Cancer Cell Apoptosis Induced by 43

Although the dual TOP1 and TDP1 inhibitor 43 exhibited only weak TOP1 inhibitory potency (+), it showed high cytotoxicity against both HCT-116 and MCF-7 cells. To assess the induction of apoptosis by 43, flow cytometry assays were conducted in MCF-7 cells. After being incubated with 43 for 24 hours, the apoptotic MCF-7 cells, especially late apoptotic cells significantly increased in a dose-dependent manner (Figure 6C). At 4 µM concentration, 43 induced approximately late apoptosis in 28.58% cells.

Conclusion

In summary, a series of 11- and 12-substituted benzophenanthridinone derivatives was synthesized and evaluated for TOP1 and TDP1 inhibition against purified TOP1 and TDP1 and in cells, and cytotoxicity against two human cancer cell lines, colon carcinoma HCT116 and breast cancer MCF-7. The TOP1-mediated DNA cleavage assays indicate that the aminoalkoxy displacement at both 11- and 12-position is favorable for TOP1 inhibition. Two derivatives 12 and 38 showed strong TOP1 inhibition (+++), and four compounds 17, 19, 20, and 40 showed moderate potency (++). Furthermore, we demonstrate that the novel TOP1 inhibitor 38 induces TOP1ccs in MCF-7 cells, as detected through ICE assays. TDP1-based gel assays indicate that a longer aminoalkoxy side chain at the 11-position is favorable for TDP1 inhibition. Four compounds 35, 37, 39, and 43 showed TDP1 inhibitory potency with IC₅₀ values ranging from 10 to 18 µM. Three of them 37, 39, and 43 also showed weak TOP1 inhibition (+). And the most potent TOP1 inhibitor 38 (+++) also showed weak TDP1 inhibition (37–111 µM).
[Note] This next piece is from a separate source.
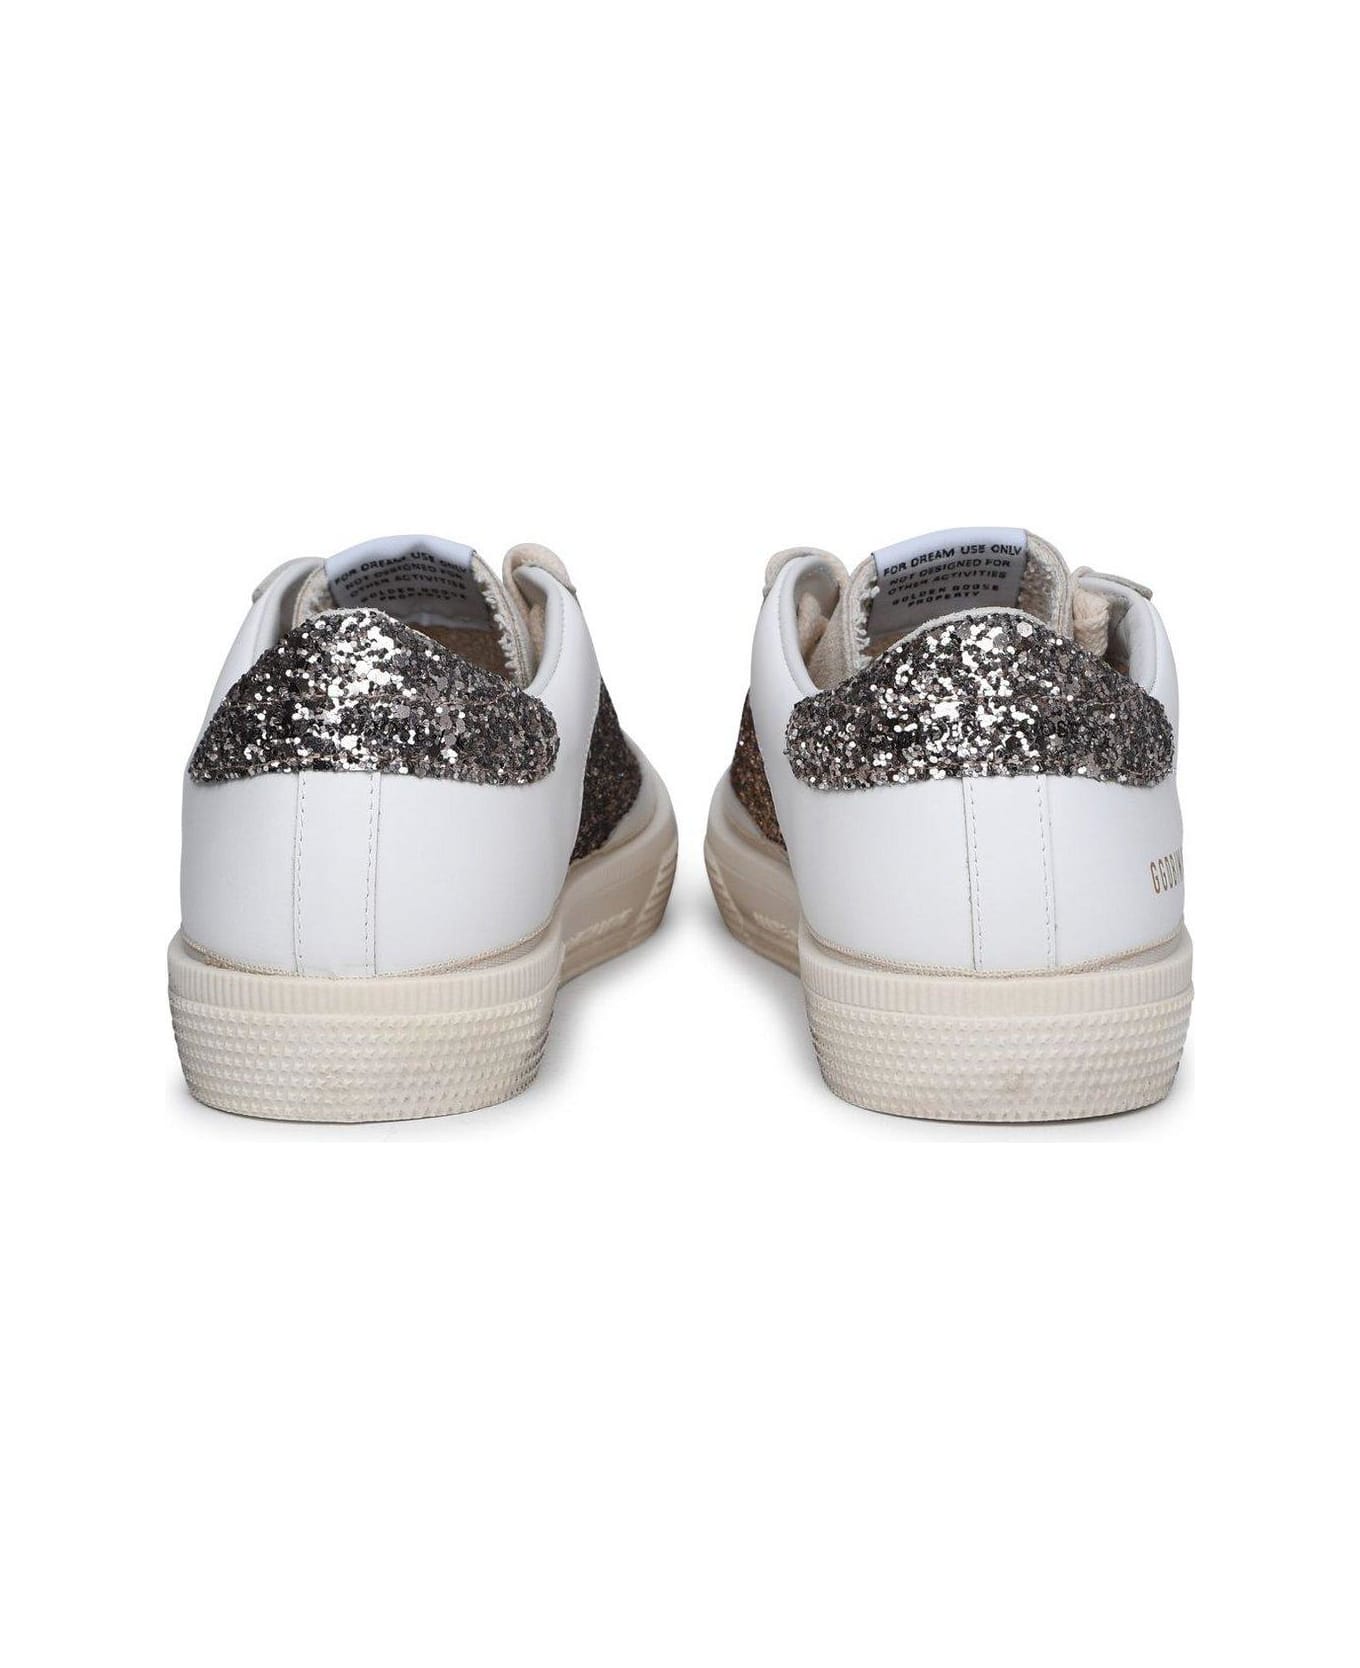 Golden Goose N May Star Glittered Sneakers - Glitter

MTT assay indicated that fifteen compounds 12, 14, 17-20, 23, 35–39, 41, 43, and 44 exhibit high cytotoxicity against both HCT-116 and MCF-7 cells with GI₅₀ values at micromolar concentrations. The dual TOP1 and TDP1 inhibitor 38 showed the highest cytotoxicity for HCT-116 (0.25 ± 0.02 µM), and compound 19 showed the highest cytotoxicity for MCF-7 (0.93 ± 0.07 µM). The combination treatment indicated that both the dual TOP1 and TDP1 inhibitor 43 and the selective TDP1 inhibitor 35 showed strong synergistic cytotoxicity in combination with TPT in both MCF-7 and MCF-7/TDP1 cells. The most potent TDP1 inhibitor 43 was found to induce cellular TDP1ccs, and enhanced TPT-induced DNA damage in MCF-7 cells, resulting in apoptosis. Our previous SAR analysis indicated that the 5-aminoalkyl substituent can increase the dual TOP1 and TDP1 inhibition of benzophenanthridinone derivatives^[37,46,75]. Therefore, modifications of benzophenanthridinone derivatives at 5,11-positions fare warranted for the discovery of dual TOP1 and TDP1 inhibitors.

Experimental Section

General experiments

All chemical reagents for synthesis were purchased from local commercial suppliers and were used without further purification unless otherwise indicated. The key intermediates 9 and 30 were prepared in our lab according to the reported method^[76,79]. Chemical reaction courses were monitored by silica gel GF₂₅₄ thin layer chromatography. Melting points were determined in open capillary tubes on a MPA100 Optimelt Automated Melting Point System without being corrected. Nuclear magnetic resonance spectra were recorded on a Bruker AVANCE III 400 MHz or 500 MHz spectrometer using tetramethylsilane as an internal reference. The high-resolution mass spectra (HRMS) were analyzed on a SHIMADZU LCMS-IT-TOF mass spectrometer. All compounds tested for biological activities were analyzed by HPLC and their purities were more than 95%. The analysis condition is: detection at 220 nm, 1.0 mL/min flowrate, a linear gradient of 50%−15% PBS buffer (pH = 3) and 50%−85% MeOH in 30 min.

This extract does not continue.